Şüphe veya kuşku, insanın bir durum karşısında duyduğu emin olamama halidir. Şüphelenilen şey ve şüphenin şiddeti şüpheyi şekillendirir. En sık görülen şüphe, insanın kendinden duyduğu şüphedir. İnsan duygu, düşünce ve davranışlarından emin olamaz, kuşkuya düşer.
Kendiliğe ait şüphesinin tohumları bebeklikten itibaren atılmaktadır. Çocuk düşer canı acır, ebeveyni "bir şey olmadı" der, çocuk "karnım tok yemek istemiyorum" der, ebeveyni "hayır daha doymadın" der, çocuk "sana çok kızdım" der, ebeveyni "ayıp, hiç anne babaya kızılır mı? Sen onları çok seviyorsun" der, çocuk "öğretmenim kötü biri" der, ebeveyn "öyle düşünme, tüm öğretmenler çok iyidir" der..
Bu örneklerde görüldüğü gibi, ebeveynler çocuklarının duygu ve düşüncelerinin yanlış olduğunu aslında "……………." olması gerektiğini söylerler. Çocuk duygu ve düşüncelerine sahip çıkamaz, kendi deneyimleri ile ebeveynin dikte ettikleri arasında sıkışır.

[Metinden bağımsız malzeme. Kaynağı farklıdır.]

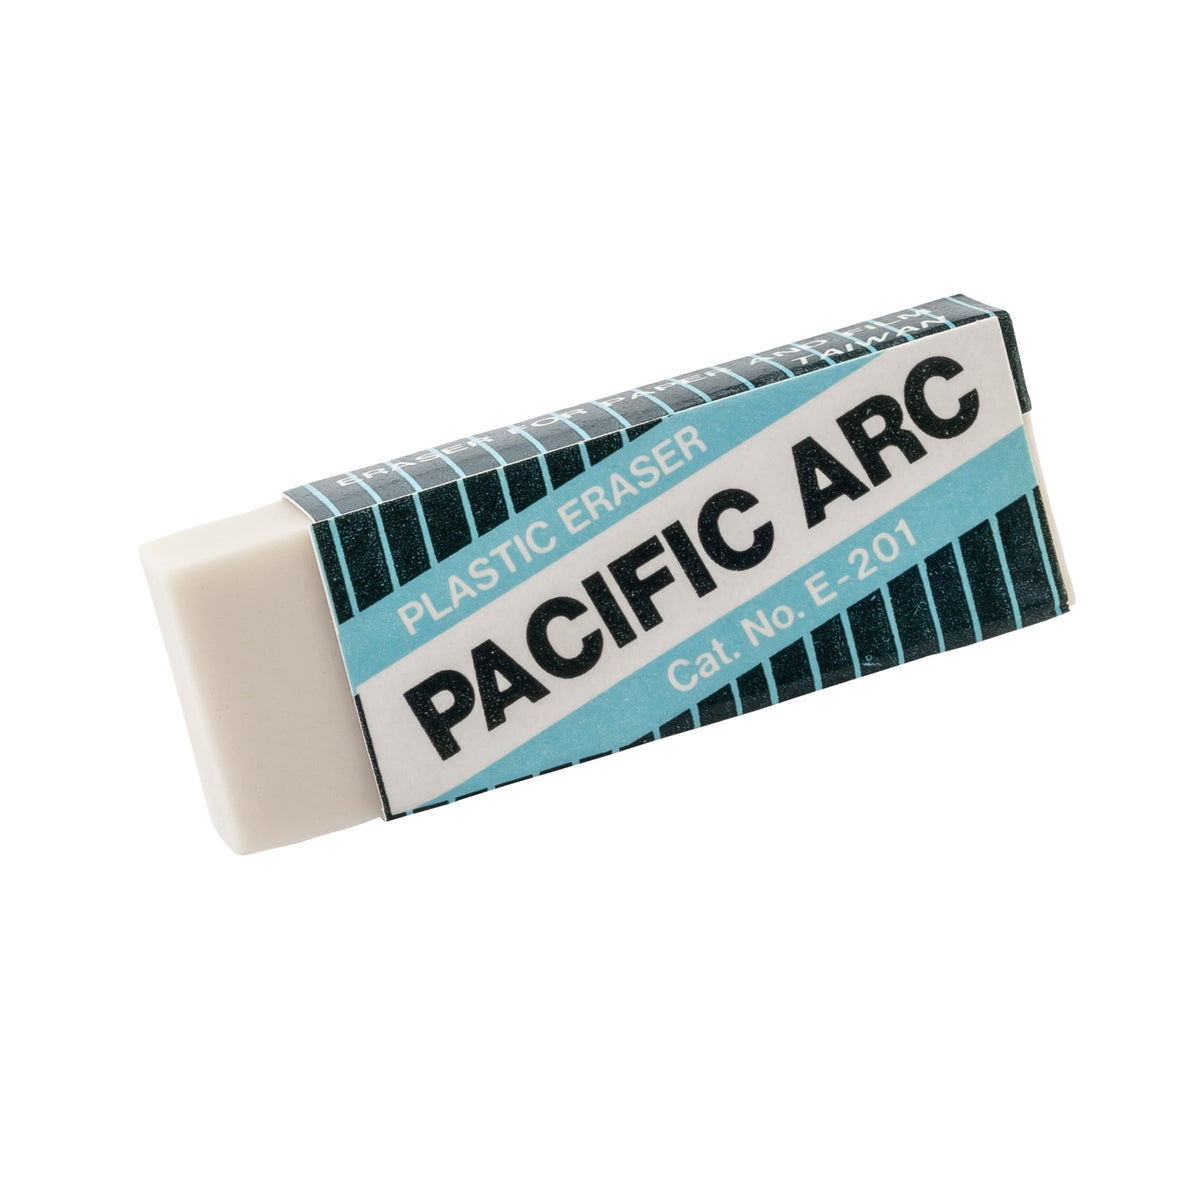 Pacific Arc Erasing Shield

Bunların yetişkinlikteki karşılığı; ne yaşadığını, ne deneyimlediğini ve neye ihtiyacı olduğunu bilmeyen, hayal kırıklığı yaşayan kişilerdir. Kendiliğe ait patolojik şüphe- kuşku ömür boyu sürer ve nesiller boyu aktarılır.
Kendinden şüphe, bir uçta hem kendine hem de karşıdakine güvenmemeyi, diğer uçta ise kendine veya karşıdakine körü körüne güvenmeyi getirir.